▶ **About this exercise**:
This task calls for the lines below starting at the one containing "94974, el guanyador" and ending at the one containing "Durabook представляет обновленный", repeated exactly with both ends kept and pictures left out.

▶ **Supplied data**:

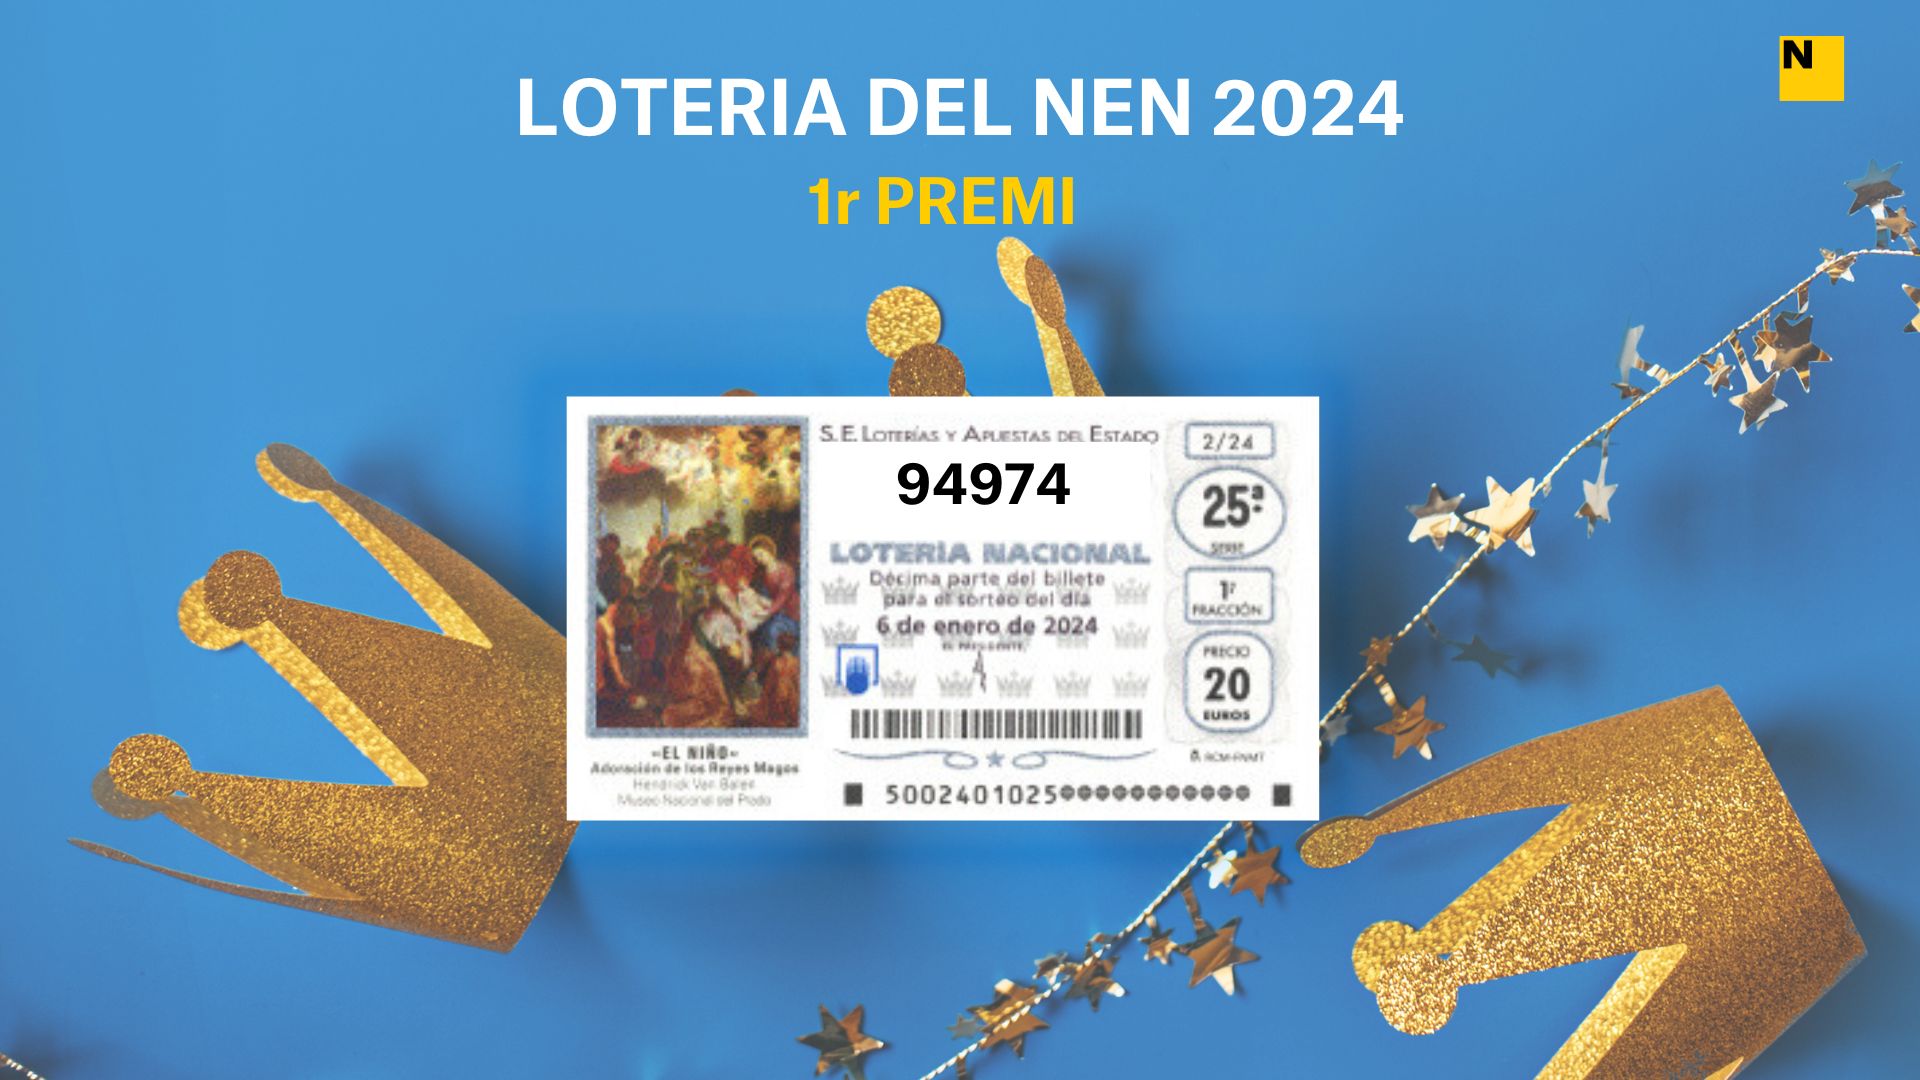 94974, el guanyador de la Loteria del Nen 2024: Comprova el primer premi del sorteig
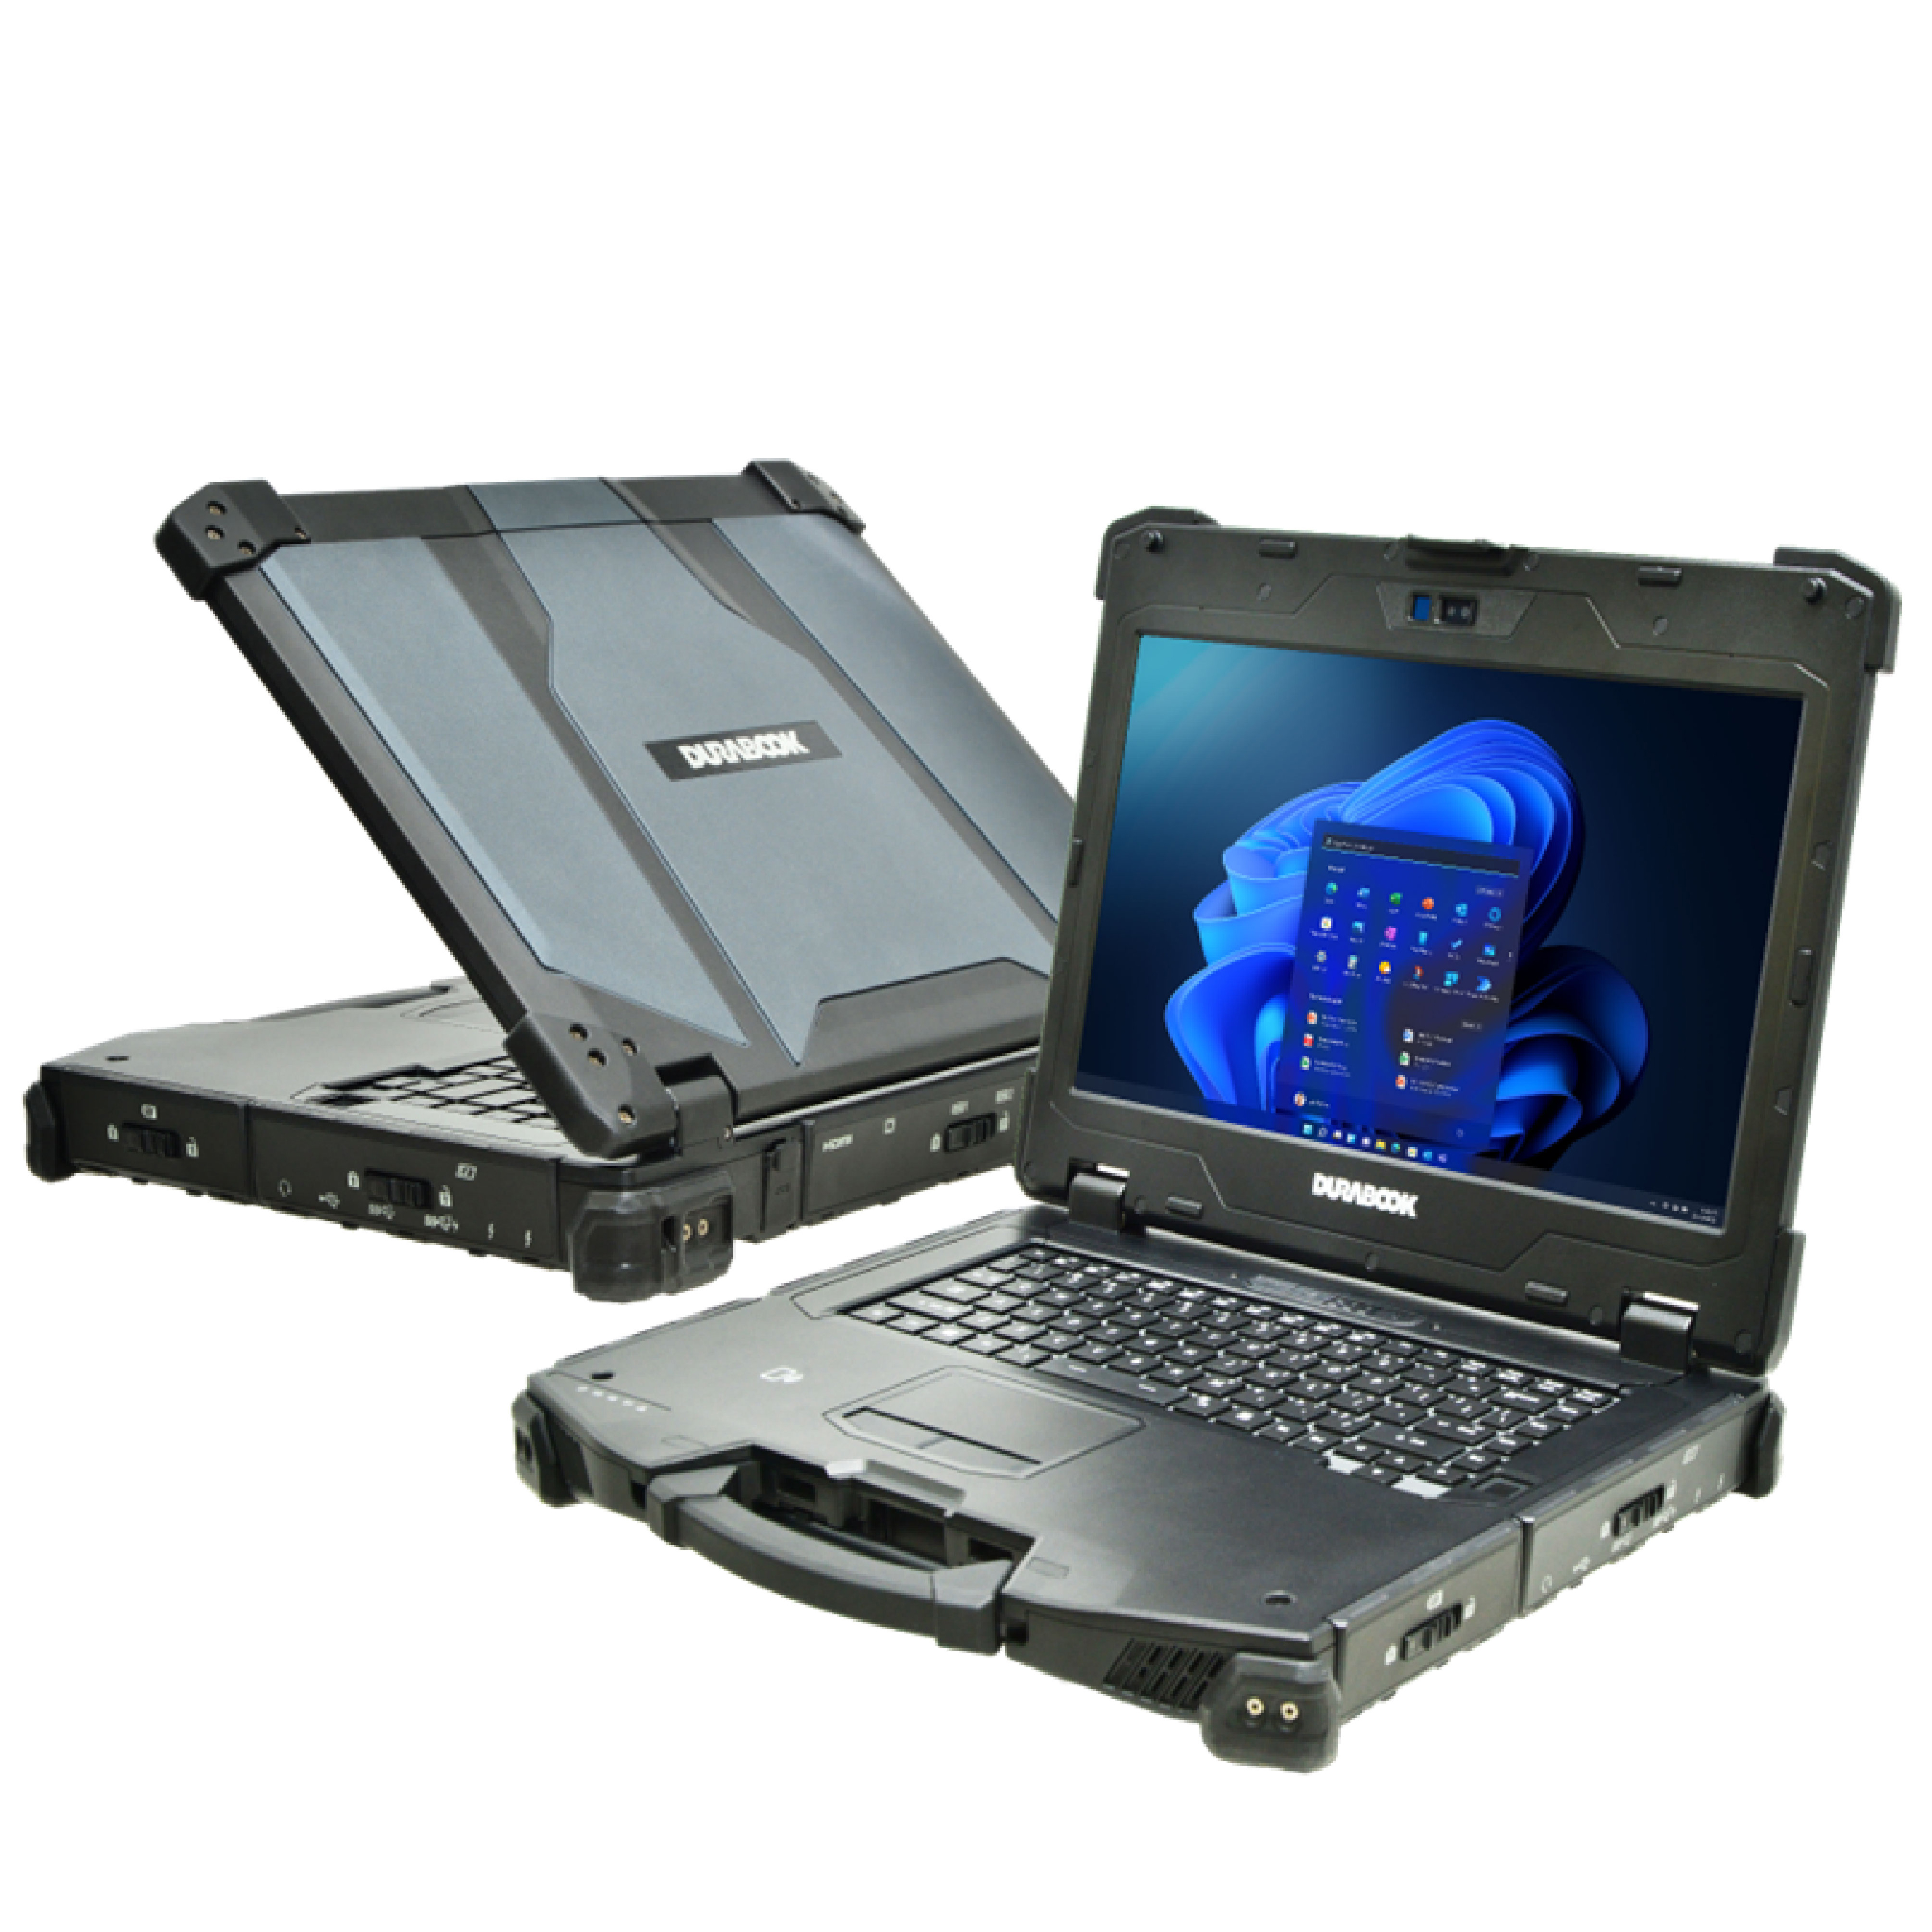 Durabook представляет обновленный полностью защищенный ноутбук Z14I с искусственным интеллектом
* * *
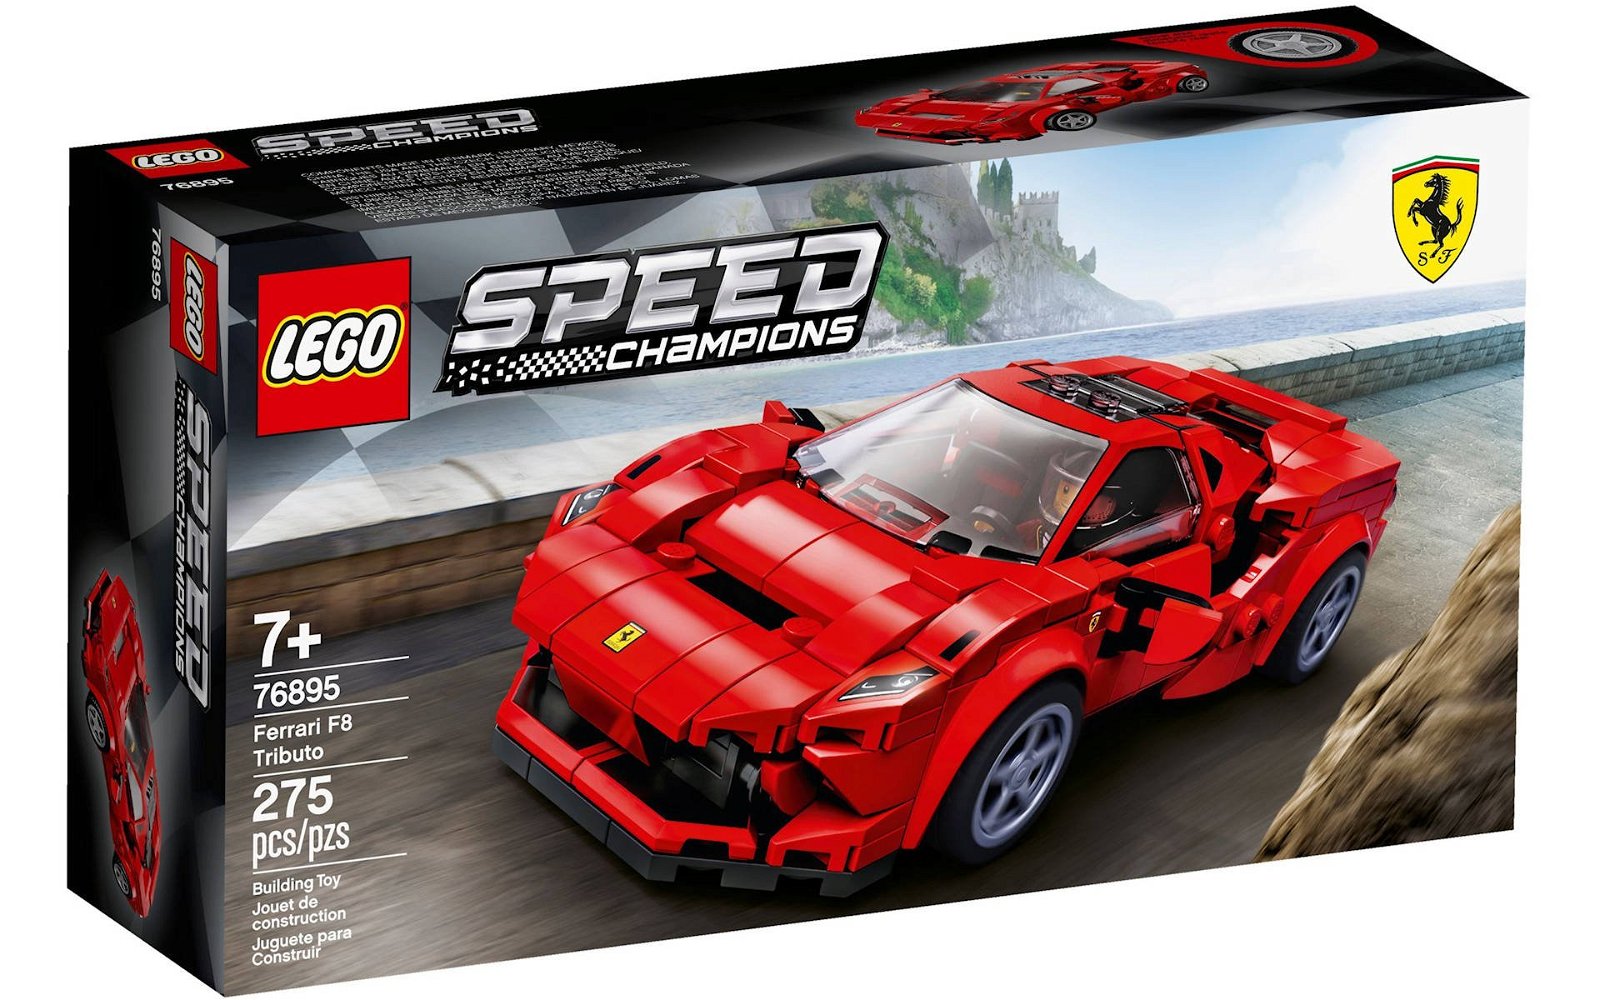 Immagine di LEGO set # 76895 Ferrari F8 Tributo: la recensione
---
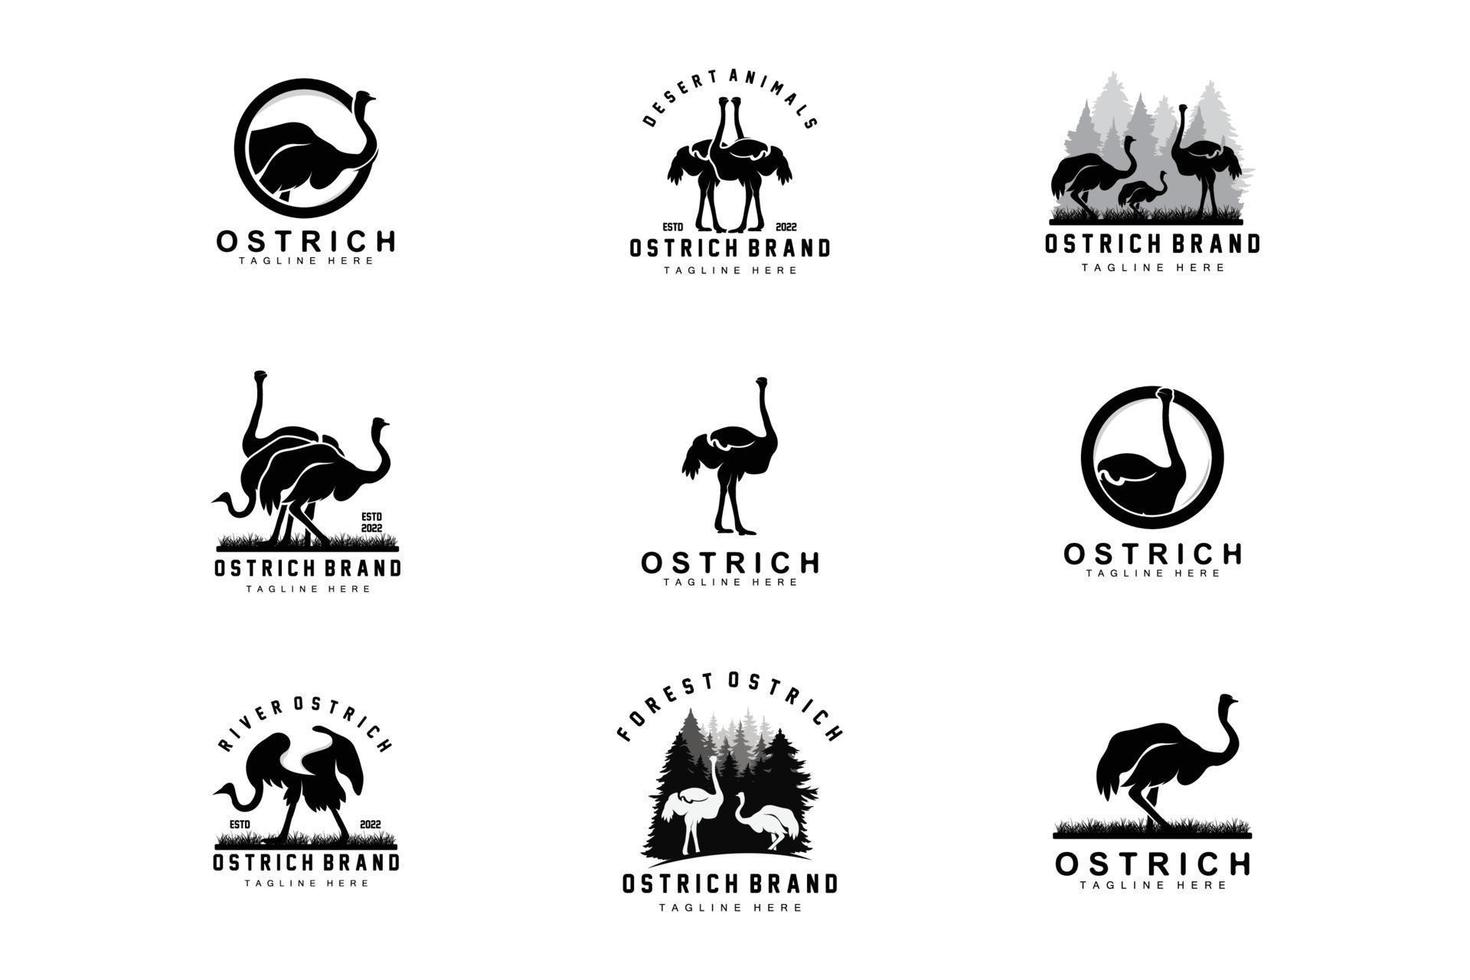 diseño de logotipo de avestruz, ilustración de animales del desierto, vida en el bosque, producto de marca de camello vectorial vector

▶ **The answer**:
 94974, el guanyador de la Loteria del Nen 2024: Comprova el primer premi del sorteig
 Durabook представляет обновленный полностью защищенный ноутбук Z14I с искусственным интеллектом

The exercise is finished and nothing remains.